There're generic versions of the drug coming to market. Amjevita from Amgen is bio-similar to Humira and just got FDA approved. It costs about half at retail. As more generic versions of the anti-TNF biological drugs coming online, the price should be driven down.
very large molecules (proteins) can't be exactly replicated. It's not something like aspirin with a barely a few atoms bundled together, those are very complex structures with very long chains and 3D hyperstructures that have a clear impact on their effect.
So it's not easy to replicate exactly the protein done by another company, so what a biosimilar is, is an attempt at making proteins that have similar kind of folding and efficacy while not being strictly identical.
> what do you mean can't be replicated? that's how they manufacture the drug.
because manufacturing is much more complex, depends on genetic modification of bacteria or things like that, and there are trade secrets involved in the manufacturing process - so you won't be able to replicate it even if you know the final structure.
Praying for generic adalimumab to finally hit the US market. People overseas have been getting this stuff for a hundred bucks a pop for years now, but AbbVie's done everything in their power to extend the US patent for as long as possible. They'd milk us forever if they could.
Family member is on Remicade. It's administered in two doses (IV infusions) every 4 months, so 6 treatments/year. And retails for something like $12k/treatment. And many insurance companies have removed it from their list of preferred drugs due to the cost, leaving patients to fight for medically necessary treatment.
It's a fucking nightmare (as if RA on it's own isn't bad enough).
My body created an antibody to infliximab after about 6 months of treatment and I had a bad reaction to it. 6 months of expensive treatment wasted.
Doc replaced it with Azathioprine, a cheap generic, and I've had no major flare-ups of UC in 6 years.
If I have minor symptoms (usually triggered by certain foods), I also take mesalazine, but once I am in remission I can do without the mesalazine. If I withdraw from AZA when I am in remission, minor symptoms typically return after around 3 months, but subside after I resume taking the AZA for a couple of months. I can retain remission doing 3 months on, 3 months off.

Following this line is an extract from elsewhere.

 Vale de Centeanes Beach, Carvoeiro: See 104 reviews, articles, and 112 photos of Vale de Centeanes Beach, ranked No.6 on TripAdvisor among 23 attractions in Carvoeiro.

This does not invalidate my comment at all. It only shows that Fasting can be an effective way to reduce symptoms - but it won't cure RA. There is no known cure for RA.

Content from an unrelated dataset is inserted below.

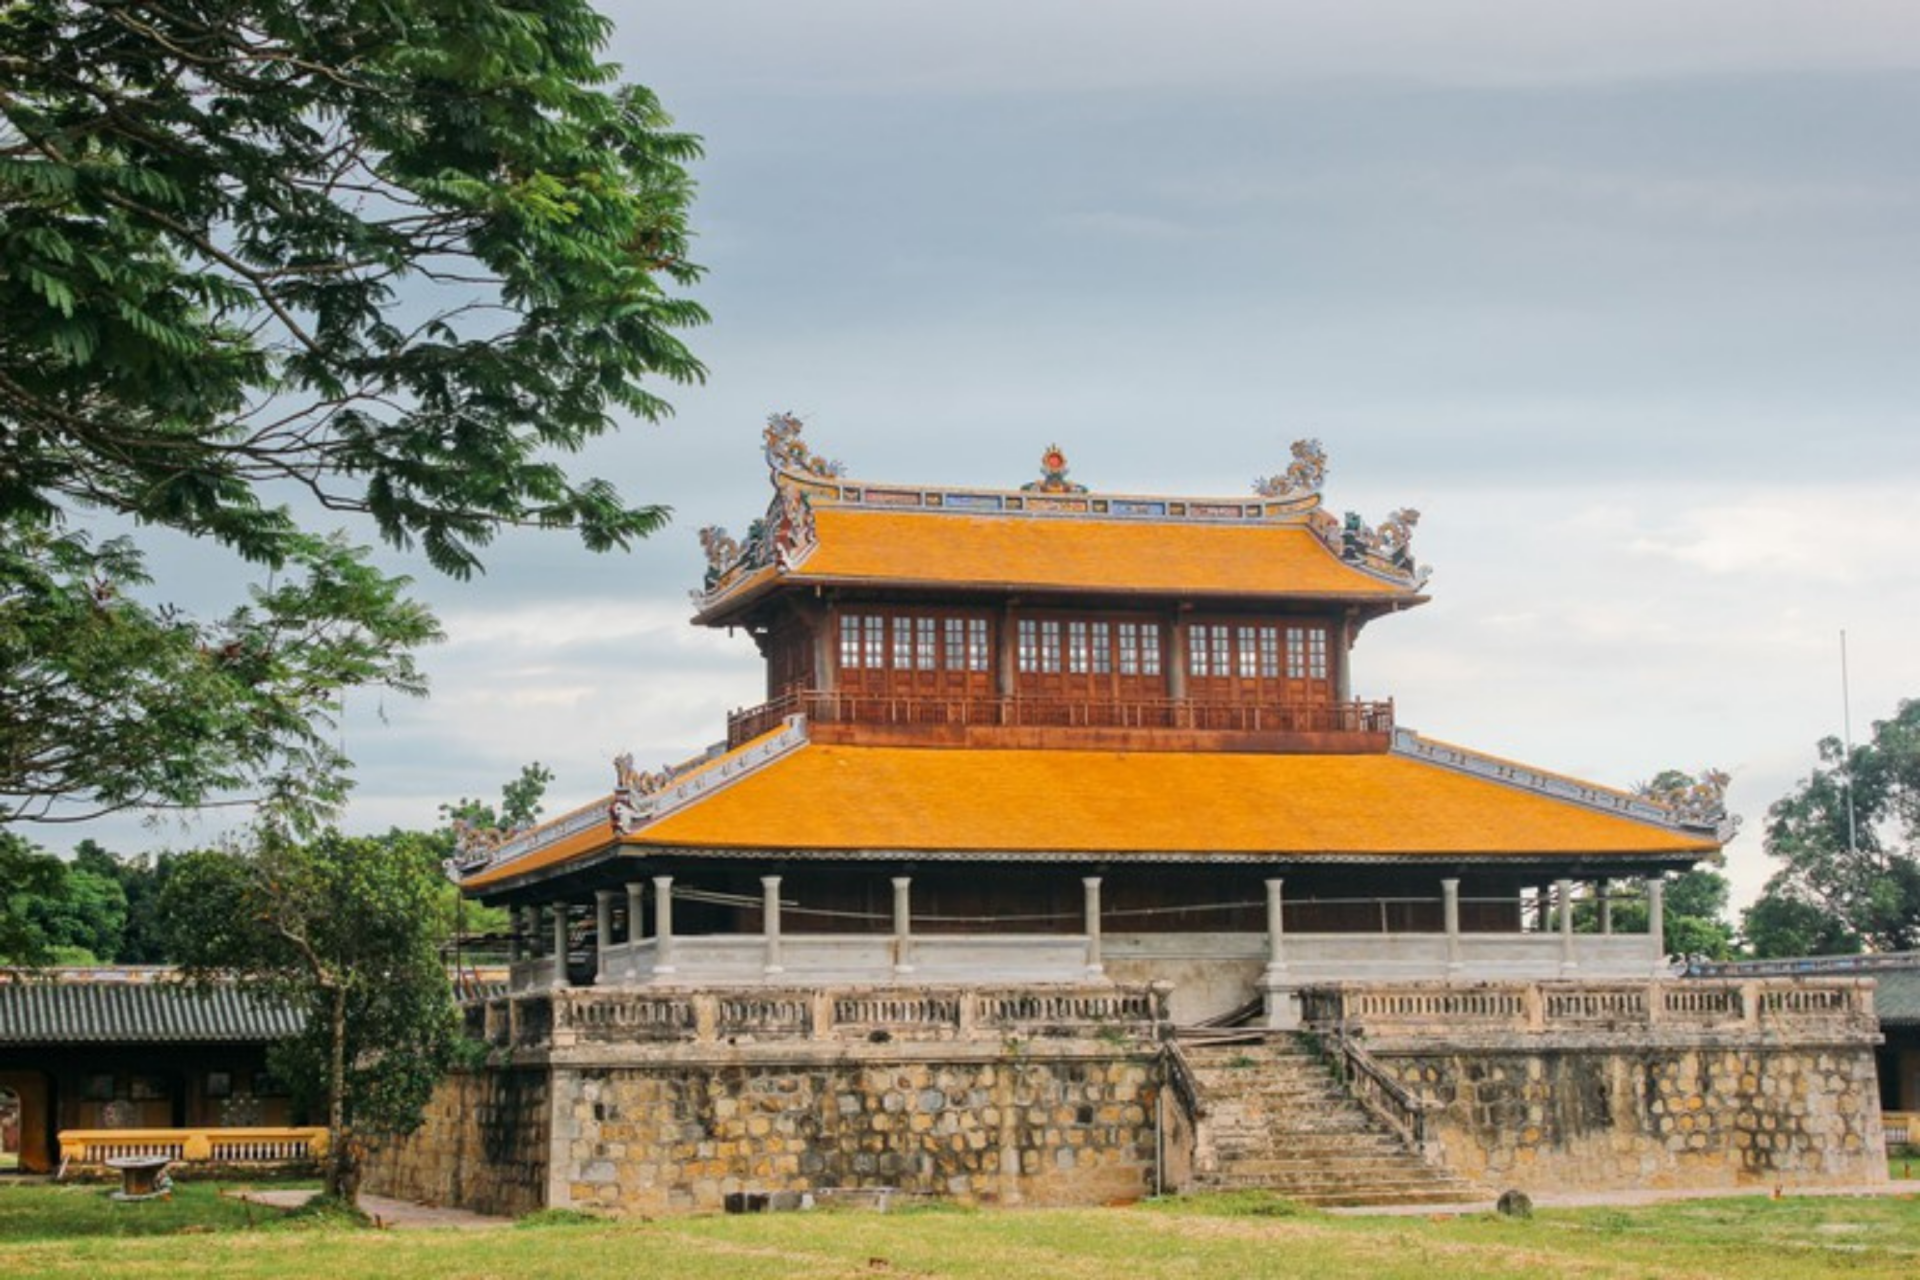 The antique beatuty of Hue Citadel

My biologic (brand Xeljanz) prescription was $5000/month but was paid for 100% through a special program from my pharmacy/drug manufacturer (I'm still not 100% clear how). I had to stop because I was dealing with an infection, but I just wanted to share that because it's still new for you.
I feel for you. We're in the same boat. My wife is a similar age and also has to finaggle her way around these ludicrously expensive RA medications. I also really hope a new treatment will arrive before this one either stops working or we become incapable of affording it.